Doing this for all 27 positions gives 27 * 26 * ... * 2 * 1 possible choices. This is written as 27! and equals 10,888,869,450,418,352,160,768,000,000 or 1.0888869450418352160768000000 * 10^28

Total orientations
Each individual cube can have 6 different faces facing up and, for each one of those 6 up-faces, there are 4 ways to orient the cube within the larger cube, so there are 24 different ways to orient each cube in space. There are 27 cubes so the total number of orientations is 24^27 or 1.8437563379178327736384102280592 * 10^37.

Multiplying this by the total posn's gives 2.0076422061968705346977670589773 * 10^65 possible ways to rebuild the cube.

How many of those will produce an all-black exterior? Again, it's clearer to calculate position and orientation separately.

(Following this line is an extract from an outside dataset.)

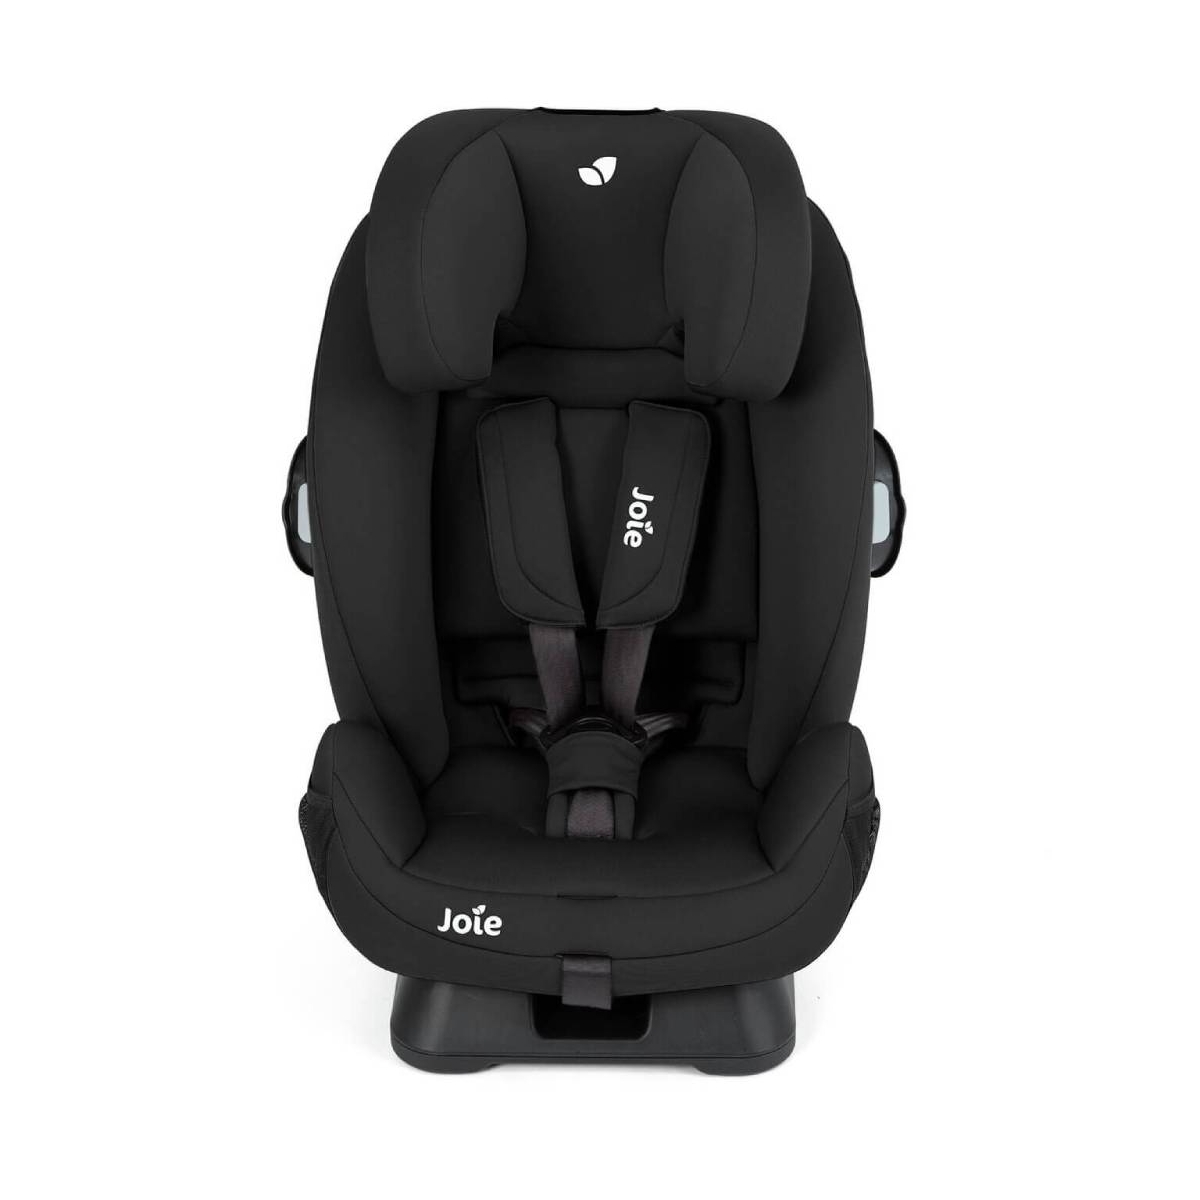 Joie Every Stage I-Size 0+/1/2/3 Car Seat

Potential all-black positions
It's fairly obvious that a face-centre piece can only go in the middle of a face as it only has one black surface. Similarly with the edge pieces, which means that the corner pieces have only the corners left in which to be put.

There are 8 corner positions and there are 8 cubes that can go in the "first" corner, 7 in the "second", etc. So 8! possible placements for the 8 corners. Similarly there are 12! possible positions for the the 12 edge pieces, and 6! for the 6 face-centres. Altogether there are 8! * 12! * 6! potential all-black positions.

All-black orientations
Of the potential positions for each individual cube, only some will have all-black exterior faces.

The corner cubes can be oriented in 3 different ways such that all three outward-facing surfaces are black. There are 8 of those, so 3^8 orientations. Similarly, the 12 edge pieces can be oriented only 2 ways for a total of 2^12 orientations, and the 6 face-centre cubes can be oriented in 4 different ways - total of 4^6 ways.

Multiplying this out gives 8! * 12! * 6! * 3^8 * 2^12 * 4^6 = 1,530,664,174,762,362,289,520,640,000 = 1.530664174762362289520640000 * 10^27 ways to build an all-black cube.

So the probability is 7.6241880651729259940550741608997 * 10^-39 or 1/1.3116150748798701962972601353377 * 10^38

John said...

secret squirrel. In calculating your all-black, I didn't see any consideration of the 24 ways to orient the center, all white block.

"Multiplying this out gives 8! * 12! * 6! * 3^8 * 2^12 * 4^6 = 1,530,664,174,762,362,289,520,640,000 = 1.530664174762362289520640000 * 10^27 ways to build an all-black cube."